Beyond the Bounce Rate – A Few Guidelines to Reduce Your Obsession
Most people have a metric that they obsess over. Supermodels watch their weight and baseball pros watch their batting average. Saudi Arabia obsesses over the price of crude. For online marketers, it looks like one particular metric has overtaken all others. That metric is the bounce rate.
I have been in countless meetings, and on numerous calls, where the bounce rate was positioned as the be all and end all of success, the metric that supersedes all others. In the religion of Web Analytics, everybody seems to worship at the altar of the Bounce Rate. Let’s play devil’s advocate, at least for the next five minutes.
Before diving in any deeper, let’s remind ourselves precisely how the bounce rate is calculated. I go on your site and arrive at a landing page, and instead of going to another page in your site, I leave. There you go; I have just contributed to the bounce rate. According to most web marketers, your site has failed me. In a tiny way, my interaction will have contributed to a poorer performance. But did I have a horrible time on your site?
Say you are a large detergent brand and you have a site. You conducted some research which showed that people go online to search for different tips on washing delicate clothes without ruining them. Like a good marketer, you create some precise content with step by step advice on how to clean that cashmere sweater. Your search agency buys keywords and writes ad copy around this theme, and directs ads to that page.
Now say I have this lovely cashmere sweater that I don’t want to ruin. I dutifully go to Google and type in my query. Your ad shows up, with compelling ad copy. I click.
I get to your page and it’s exactly what I am looking for with loads of tips and advice. I read carefully through the tips, and make a mental note to go back to your site for other washing advice. I close my browser and head over to the laundry room.
So, did you fail me as a website? Not at all. Did I contribute to your bounce rate? Yes I did.
One doesn’t need to look far to see examples of successful sites with high bounce rates. Did you ever stop and think about the bounce rate of a Google Search Engine Result Page? It’s nearly 100%. In Google’s early days, naysayers would often mention that Google was doomed to fail because it drove people off its site as fast as it could. What they didn’t think about was that these people were leaving because they were getting exactly what they were looking for (and that Google was often getting a few bucks in the process).
So if you are ready to unhook yourself from bounce rate obsession, here are a few reasonable guidelines.
1. Focus on conversions first and foremost. Sales and signups beat bounce rate any day. Who cares about the bounce rate if conversions are increasing?

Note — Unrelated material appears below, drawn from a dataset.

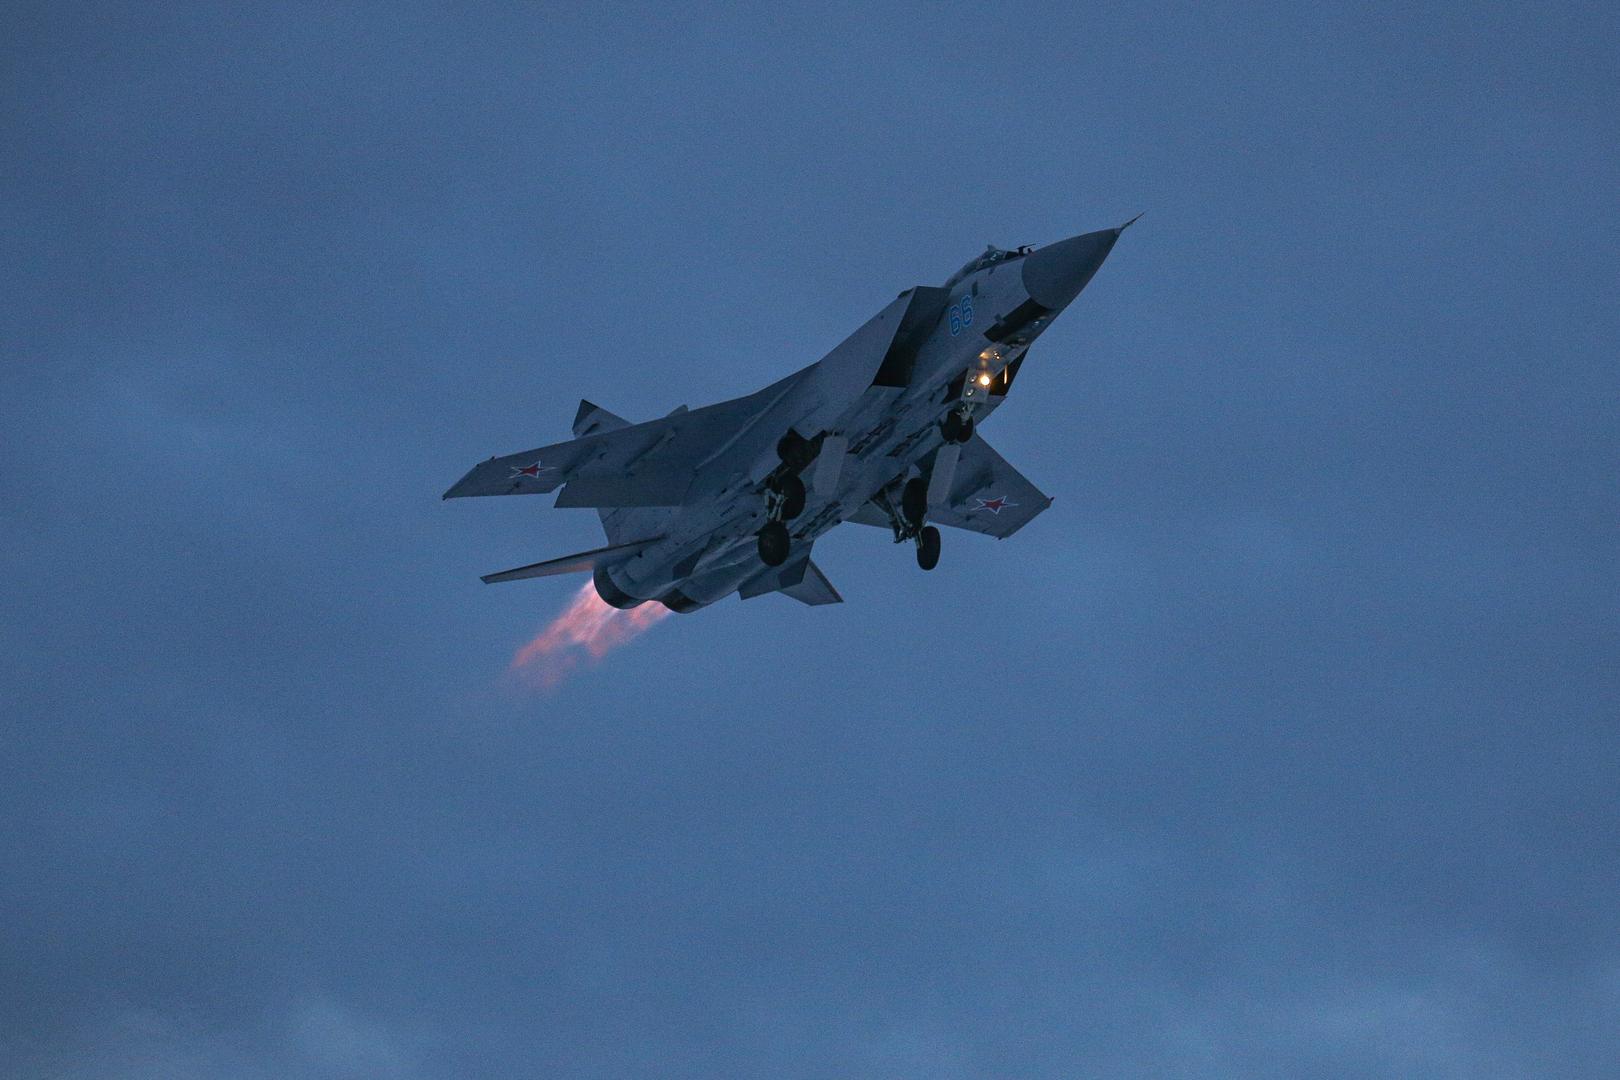 القوات الجوفضائية الروسية أوقفت العملية التركية في إدلب

2. If you are not tracking any hard metrics such as sales or signups, look at time on site before bounce rate. Remember the cashmere sweater guy? He spent a long time on your site, so consider the “time on site” metric. If the time on site is reasonable high (greater than a minute), the high bounce rate may be an indication that visitors are getting what they came for.
3. If you have a bounce rate below 30%, don’t jump for joy just yet. Your landing page might be automatically redirecting to another page, and so “officially” nobody is bouncing from your site.
Good luck and stay the course.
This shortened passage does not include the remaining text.